Bronze Age tomb sheds light on ancient medical care
Editor’s Note: This blog article contains images of human skeletal remains.
While archaeology is not brain surgery, sometimes it can find evidence for it in the ancient past. This was the case for the archaeologists at Tel Megiddo who uncovered a 3,500-year-old burial containing the remains of two brothers, one of whom underwent a surgical procedure known as trephination where part of the skull is removed. As discussed in the journal Plos One, the brothers showed signs of various severe medical conditions, yet had received medical care that extended their lives far beyond what would be expected.
Roughly 3,500 years ago, a small pit was opened in the floor of a wealthy home in Canaanite Megiddo and the body of a man (who was between 21 and 46 years old when he died) was placed inside. This was not the first burial in the pit, however, as only a few years earlier the man’s younger brother—who was possibly a teenager when he died—was buried in the same place. The home’s subfloor burial—a common Canaanite funerary tradition—included rich grave goods that conveyed the family’s elite status and its care for a deceased loved one.

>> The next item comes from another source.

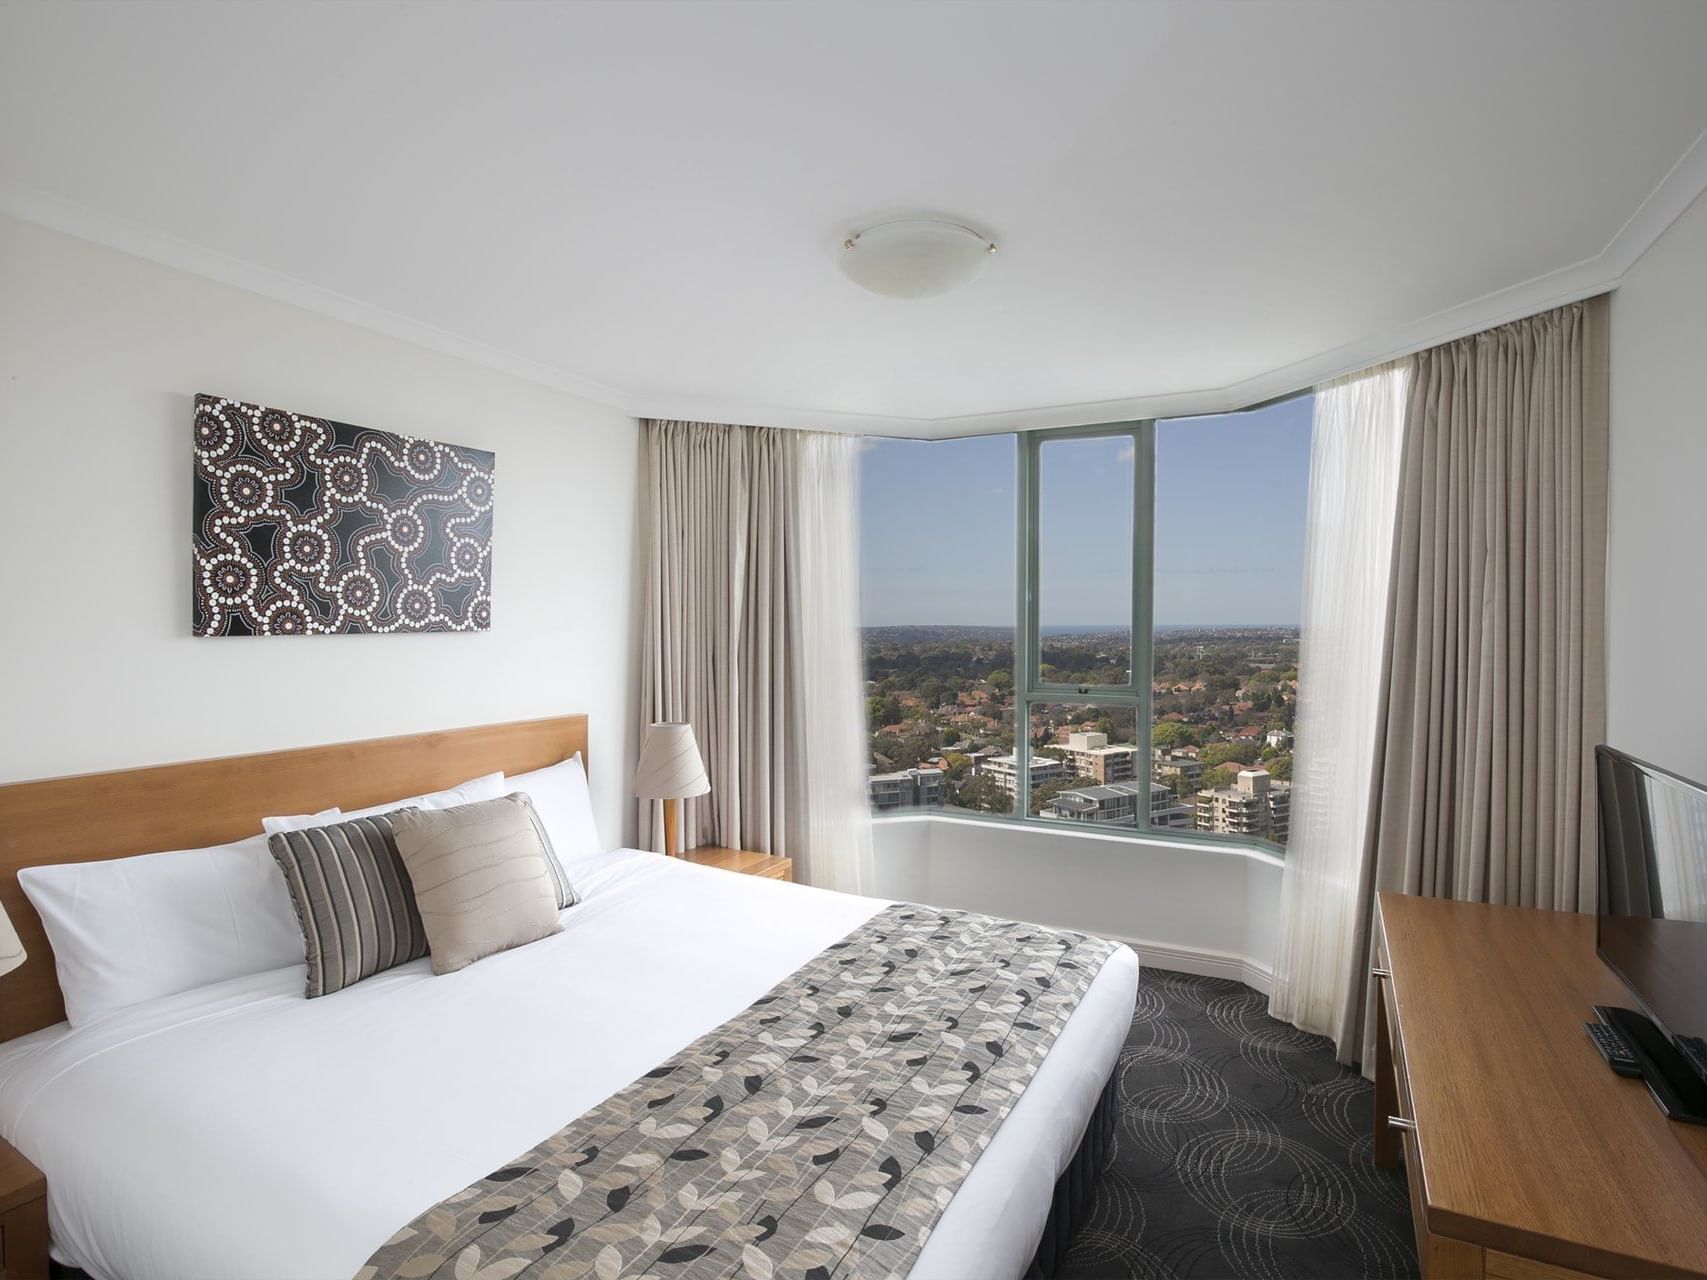 Comfortable room with a out door view at the Sebel Residence Chatswood

The archaeologists were not surprised to uncover the burial, as other subfloor burials had already been found beneath the building. What did surprise them, however, was the condition of the skeletal remains. DNA analysis of the bones revealed that the two men were brothers, and both showed signs of genetic defects and systemic infectious diseases. Most surprising, however, were the marks of trephination identified on the skull of the older brother, a rare and dangerous procedure in the ancient world. Only a few dozen cases of trephination have been identified in the ancient Near East, with this example being one of the oldest. According to the excavators, this trephination procedure was likely intended to relieve or treat the patient’s illness.

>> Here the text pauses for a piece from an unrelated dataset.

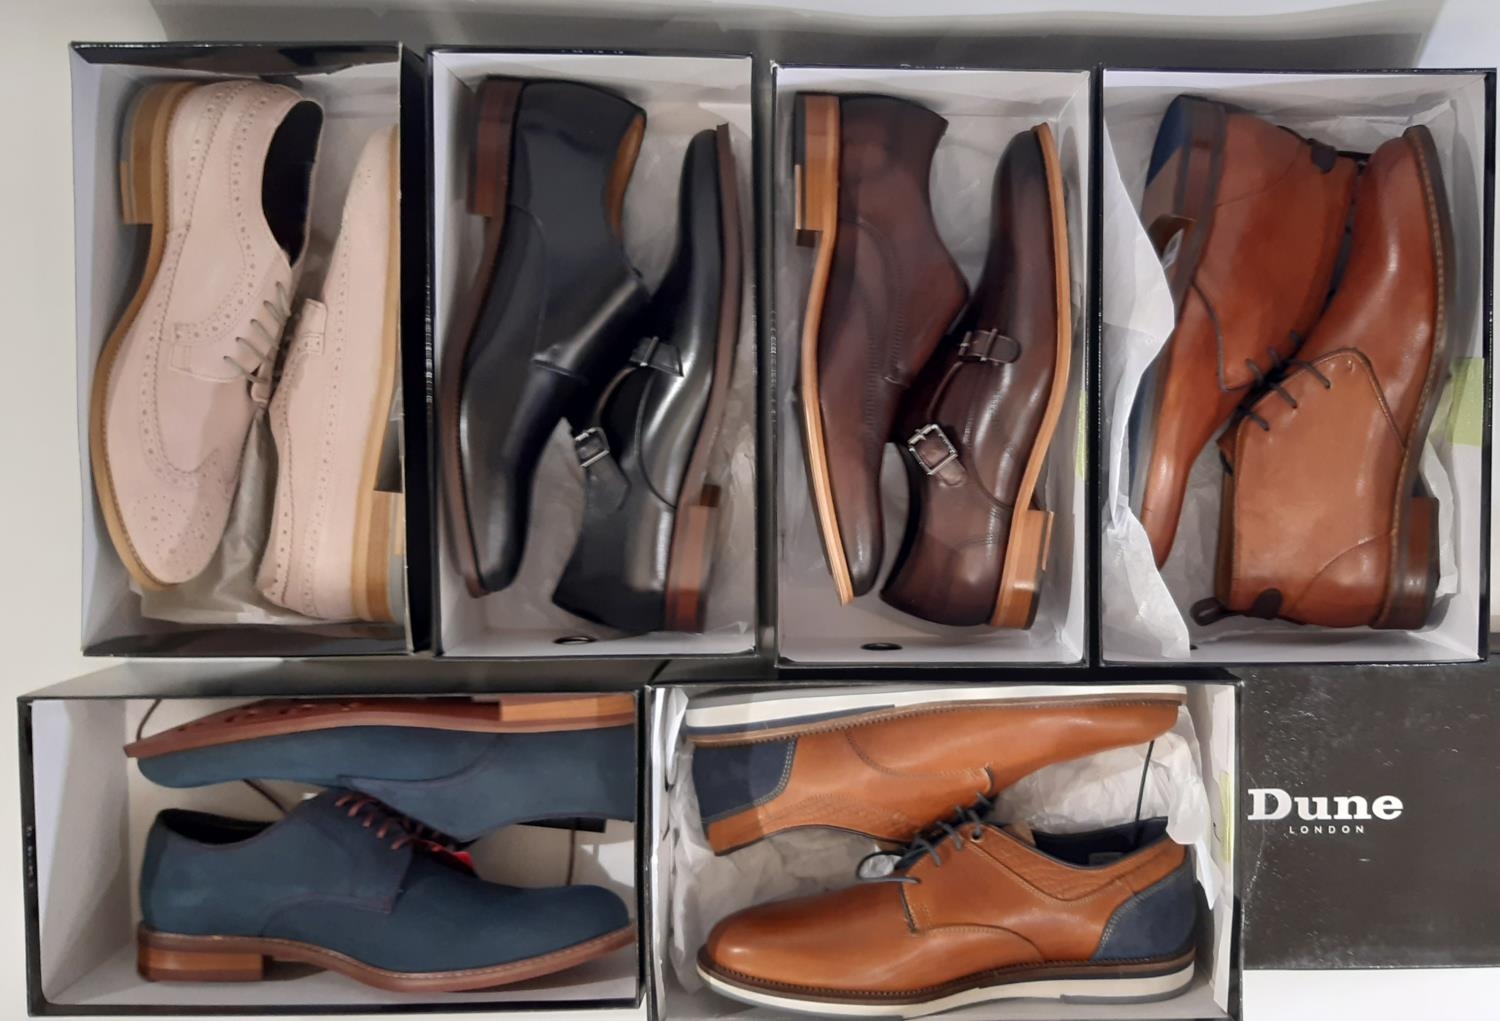 6 pairs of men's brogue shoes and boots by Dune, all size 9, boxed and appear unworn - Image 3 of 3

The tomb, dated to the Late Bronze Age I (c. 1550–1450 BCE), was located beneath an elite residence, possibly the home of a royal official. A century earlier, another tomb had been dug below the floor of the home, which contained at least 17 individuals, as well as gold, silver, and bronze jewelry, ceramic vessels, and decorative bone inlays. The tomb of the brothers was much smaller and found only a few feet away from the earlier burial.
The brothers’ illnesses were apparently long-lasting, as evidenced by the extensive damage found in their bones in the form of lesions and porosity. Although it is not certain what caused these issues, one explanation is leprosy, which can remain active for decades and is known to spread within families and especially to adolescent males.
It may also be the case that the brothers’ shared genetic defects predisposed them to additional illnesses. In both men, genetic defects were seen in dental issues, such as extra teeth, while the older brother also had an unusual facial structure and a persistent metopic suture, a condition in which the skull’s front bones do not fully fuse. Based on these conditions, the archaeologists hypothesize that both brothers suffered from developmental problems and perhaps a genetic bone disease, such as cleidocranial dysplasia. Both brothers also showed signs of anemia, which can also hamper growth.
Whatever their conditions, the brothers lived long enough for them to leave extensive marks on their physiology. This was at least partially due to their social class, as individuals from lower classes could not afford the care needed to extend life. This is evidenced by the higher percentage of wealthy individuals with signs of long-endured diseases compared to those from lower classes. As Rachel Kalisher, the primary author of the study, told The Times of Israel, “These brothers were elite, they were part of the most wealthy class living at Megiddo, which was itself quite a wealthy city. They weren’t part of the average population, and that’s what we believe allowed them to survive as long as they did with the illness that they had.”
Trephination was likely performed on the older brother to alleviate some of these conditions. The procedure was carried out by removing a section of the scalp, then making grooves into the bone along the surgical area to cut it away from the rest of the skull. In this case, the hole in the skull measured about 1 by 1 inch. These pieces of bone were then removed from the head all at once. This procedure would have served to alleviate pressure on the brain caused by head trauma, although curative cases are also known.
Given the skill and precision needed for such a procedure, the trephination must have been carried out by a highly trained practitioner. This further demonstrates the great wealth of the family and their ability to access such medical care. Unfortunately, the surgery was not successful. Examining the bones surrounding the surgical area, no signs of regrowth were found, suggesting the brother died immediately or soon after the procedure.